I was a complete wreck late that afternoon when the conference was officially over. I paid the tab at the coffee shop in Archer's hotel after meeting with the CEO of a large research university that wanted to partner with PharmaTech, and someone nudged me.

"Dude," my twin brother said. "You look like a wreck. Late night?"

"I think I ruined my life," I whispered.

"You are the most dramatic, emotional person," Archer scoffed.

"I'm not emotional," I snapped. A few people turned around to gape at us.

Archer grabbed me by the suit coat sleeve and pulled me to his office. He had one in every hotel that he and his cofounder and our half brother Mike shared. He shut the door and took out a bottle of whiskey, pouring me two fingers. "Drink that and don't puke on my carpet," he ordered. "This is an imported alpaca shag rug made by the nicest little old Peruvian lady."

I sipped the whiskey.

"Let me guess what happened," Archer said, leaning back in his chair. "You did your crazy Mace thing and told Josie you couldn't live without her and you loved her to the moon and back."

"I didn't say it like that," I growled.

"And then I bet you freaked out and didn't give her a chance to process it, and now you think she's already found someone better, richer, more handsome than you in the last, oh, five hours and is already planning on running off to southern France with him. Is that right?"

I scowled at my twin.

"Wait, of course it is! I know exactly how you think." Archer leaned over the desk. "Your thoughts devolve into the worst possible scenario. You overreact. It's a good trait for a CEO who makes products that could literally kill people if not designed and manufactured perfectly.
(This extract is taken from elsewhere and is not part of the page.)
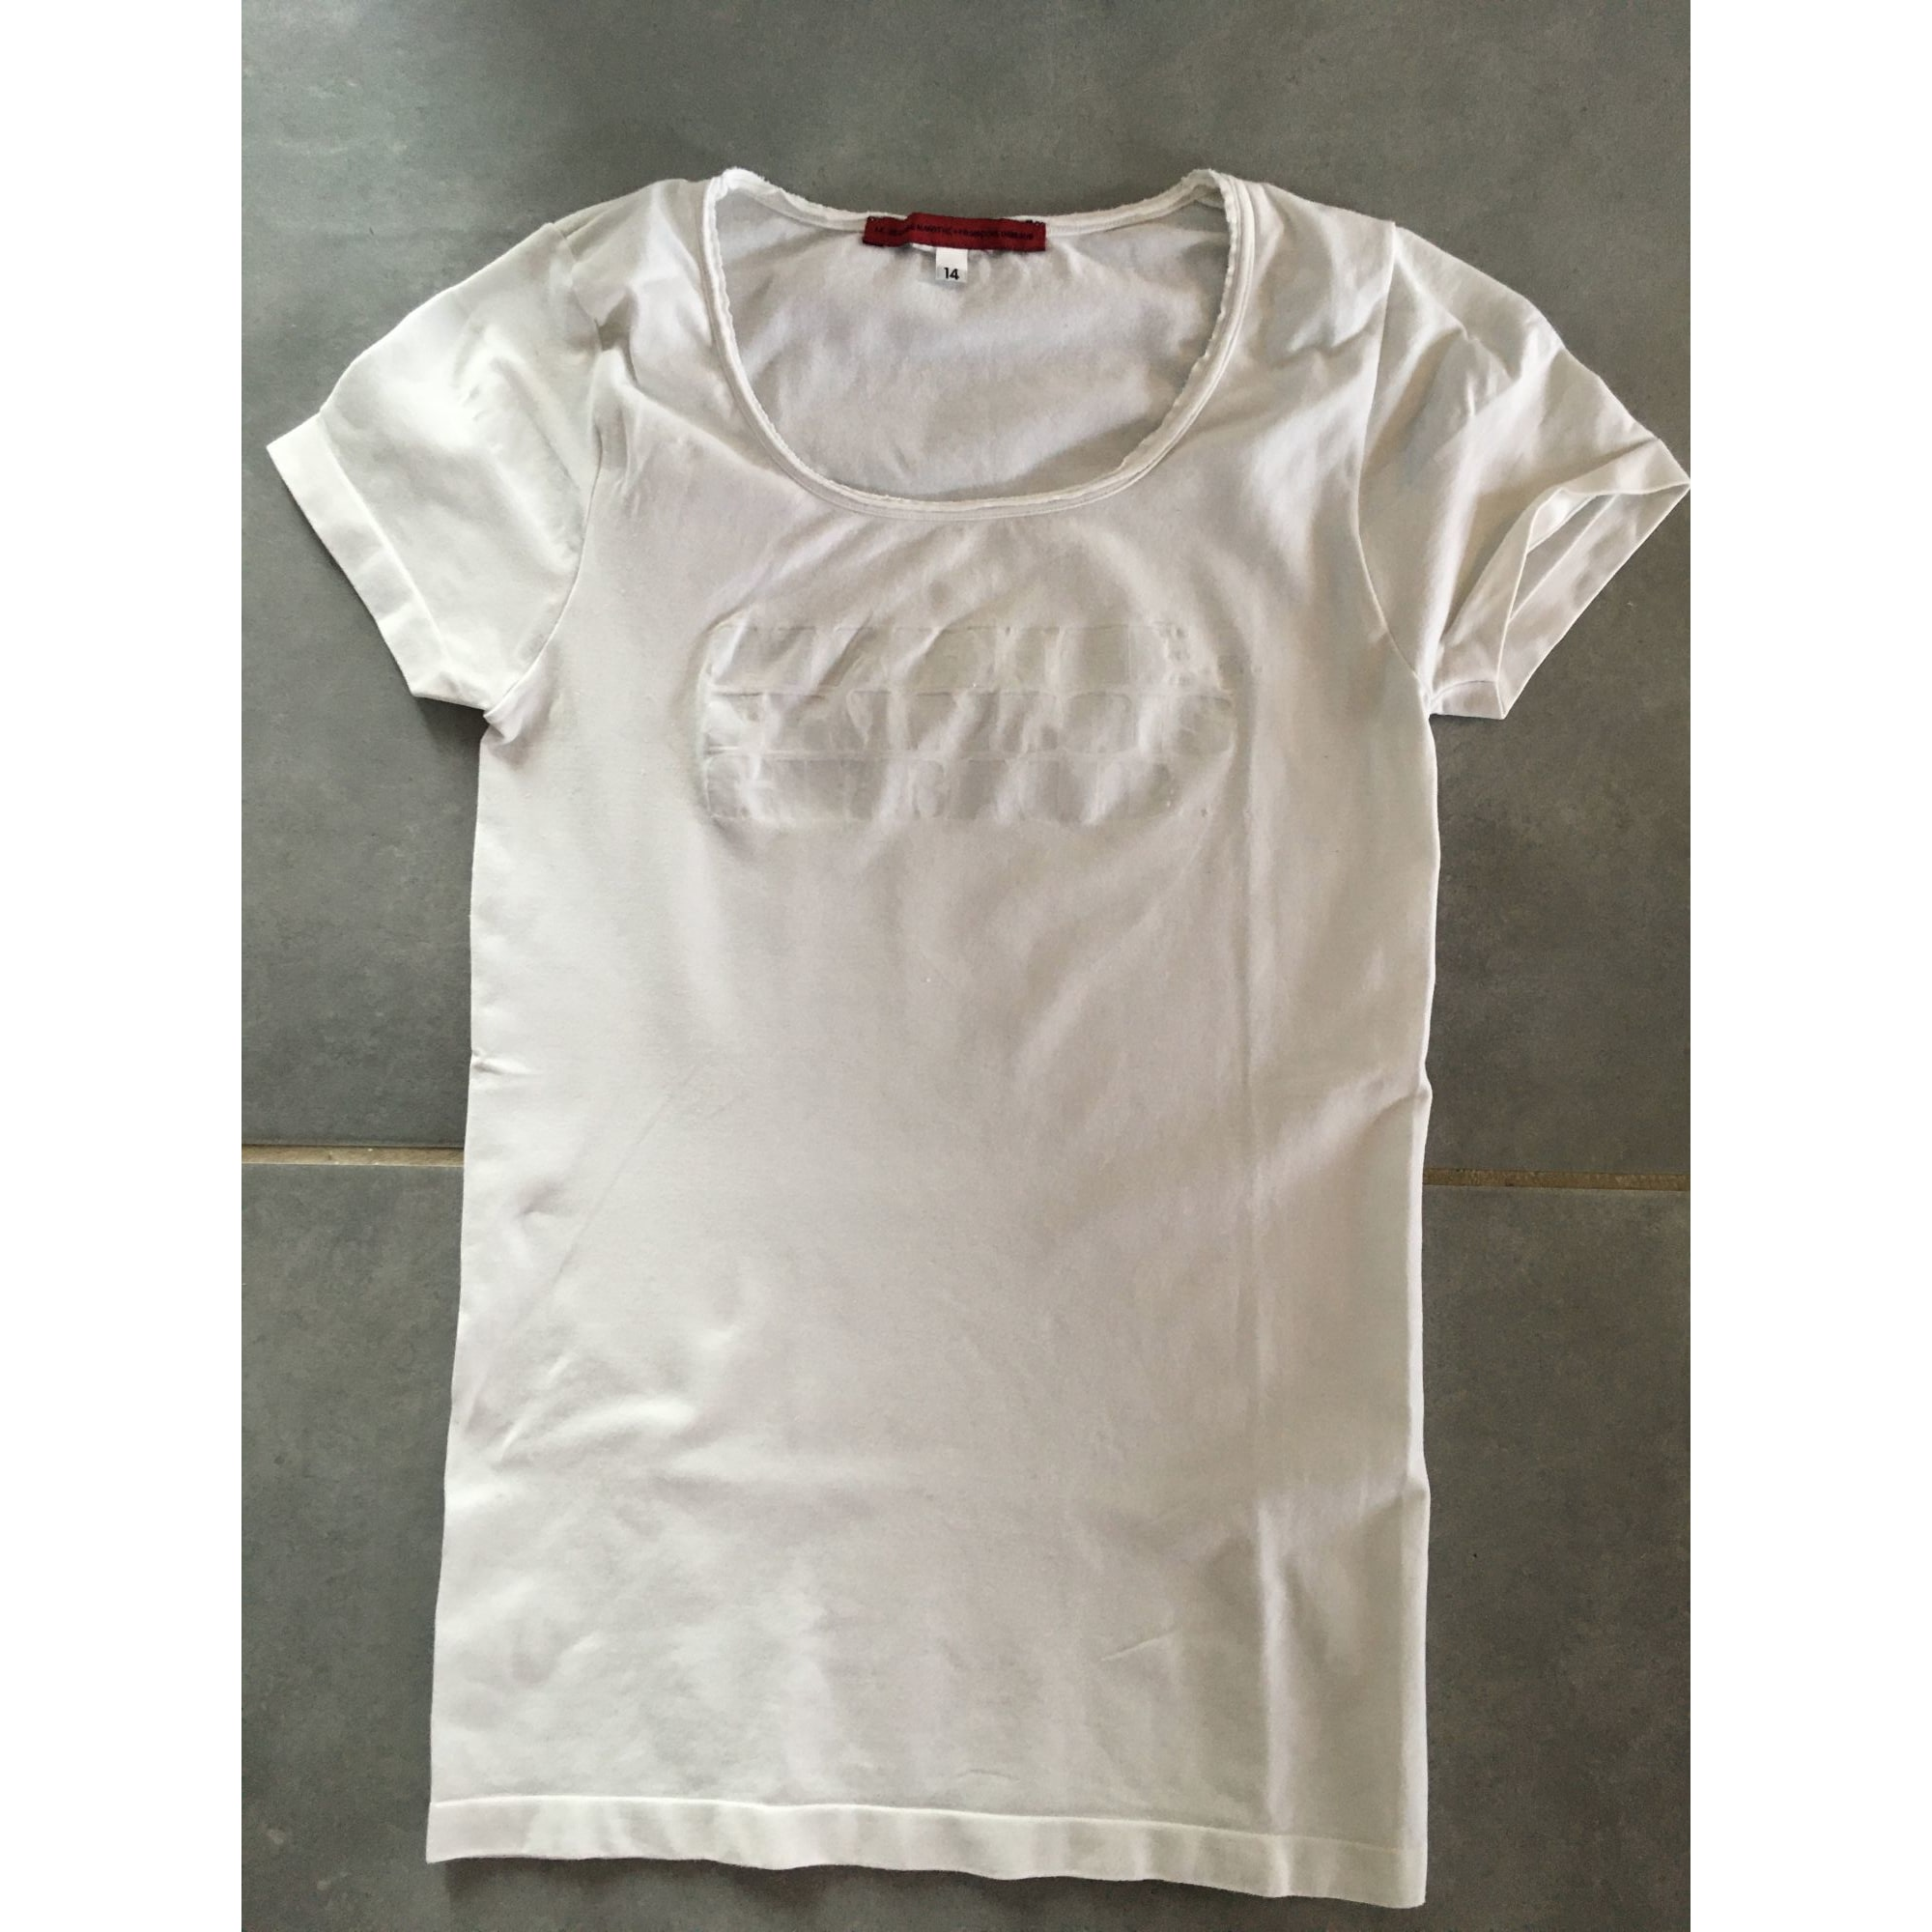 Top, Tee-shirt MARITHÉ ET FRANÇOIS GIRBAUD Blanc, blanc cassé, écru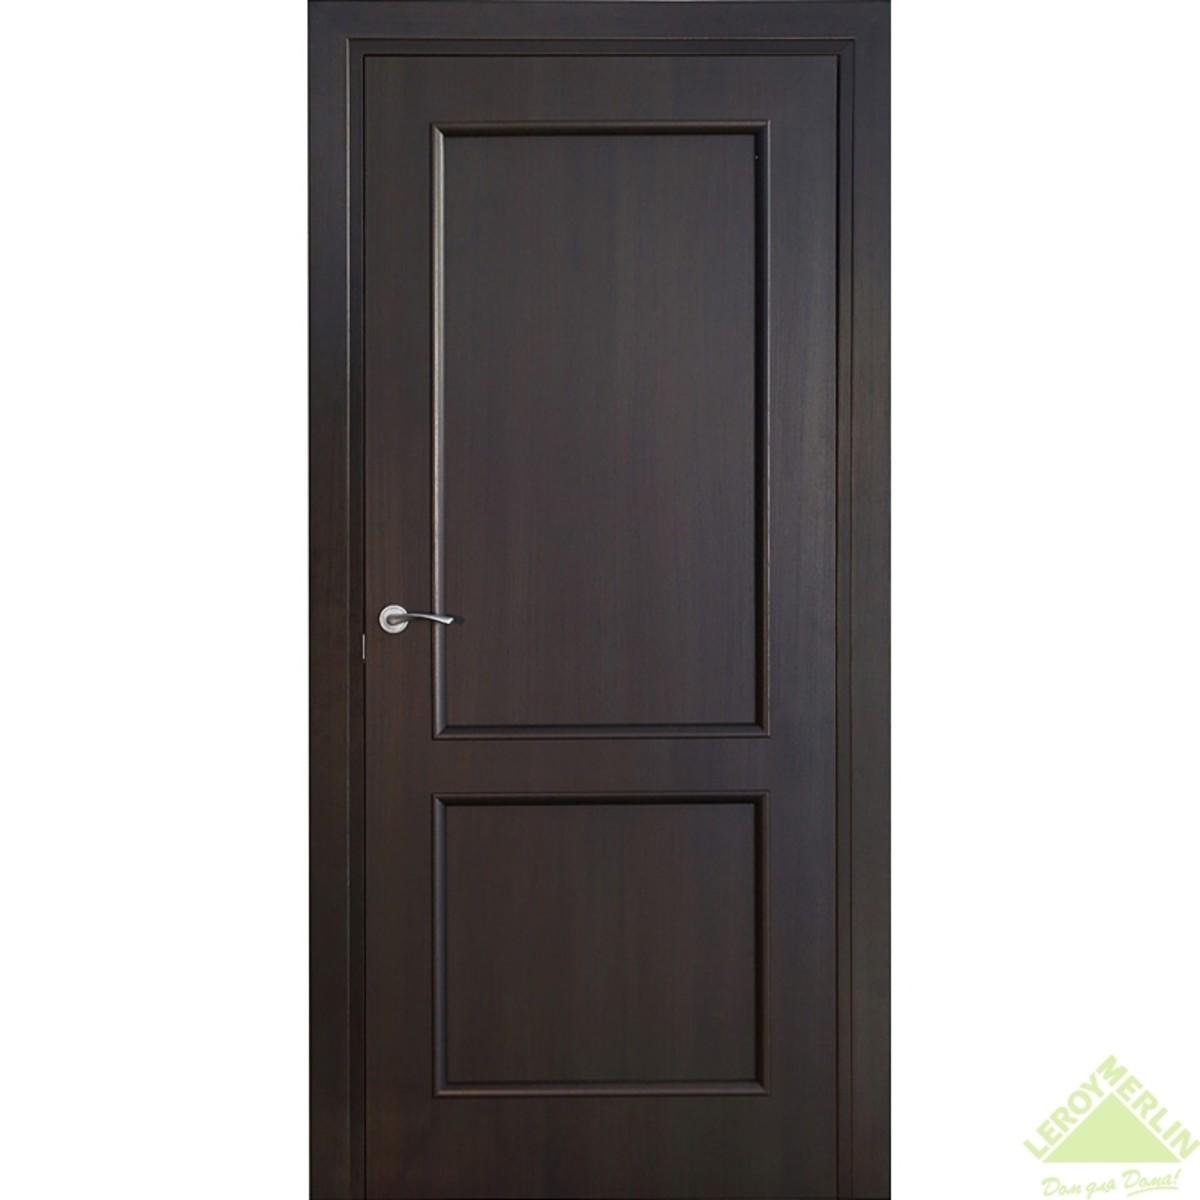 Дверь межкомнатная глухая Фортунато 820 900x2000 мм венге

However, it makes the rest of life unnecessarily stressful."

My twin poured me another drink.

"Let me reassure you," Archer said. "I am the only person better looking, friendlier, and better in bed than you, and I have not seen or heard from Josie today, so you're safe on that front." He leaned back, a self-satisfied smile on his face.

I stared at him. "You're terrible," I said finally.

"And you're paranoid and crazy," Archer said affectionately. "With you and Remy bouncing around out there in that huge estate house, it's a good thing I'm planning on building that conference center. I'll have more time to make sure you two aren't building matching bunkers."

"What do I do about Josie?" I asked through my teeth. I loathed admitting I didn't have control over a situation, but I was willing to throw all my rules to the wind if it meant I wouldn't drive Josie away.